I was funny hearing people talking about lightning strikes near Niagara asa possible cause... There was not a cloud in the area at that time.
-Dubya
It may have stopped short of Rhode Island, but apprently it may have actually started in my home town. Check this.
--Kevin
Most universities have couses on power systems. As a mechanical engineering student, I took several courses on nuclear power plant design and operation. These classes included several tours to working power plants and training sites. This information is not really hard to get.
I can't speak on power plants in general, but I can comment a bit on nuclear plants. Most plants running in the US are quite old, thanks to public perception preventing any new plants from being built. So, most of them run pretty old systems. Most I've seen run on unix variants, mostly HP-UX and AIX. The software used is really just a backup, the plants can operate pretty much without the computer systems. The hardware is pretty much big old mainframes and mini-mainframe type stuff. IBM, Sun, HP, etc.

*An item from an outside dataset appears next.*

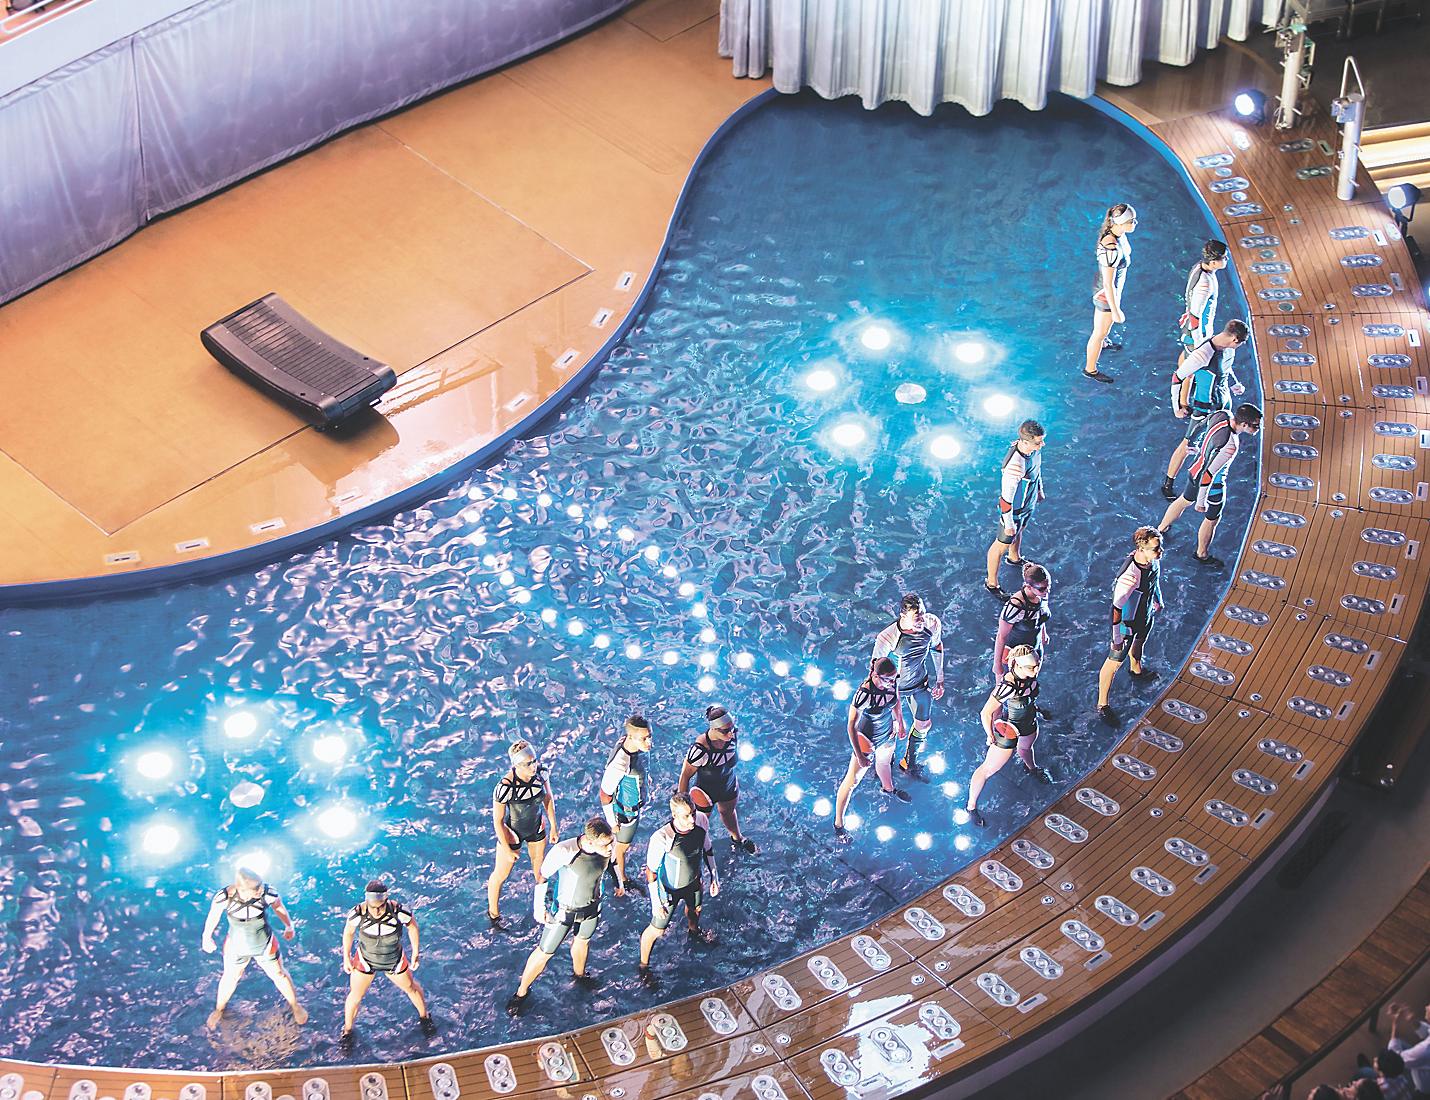 AquaTheater Shows on the RCL Wonder of the Seas

The primary function of the computer systems it to simplify some operations and to more easily report on conditions. For example you can view the power output of both reactors on one screen at the control center rather than having to walk over to the analog dials to check it out. They also monitor safety systems and can report on the state of different valves and things in the plant, rather than requiring you to go look at all the lights for individual valves.
Most plants are starting to modernize and new software is being developed to allow complete control of the plant. Currently most of the software used is for monitoring only, but it's starting to be deployed for control as well. So, rather than having to walk over and switch a lever to close a vavle, or turn a dial to up reactor power, you can just click. But this isn't really widespread yet.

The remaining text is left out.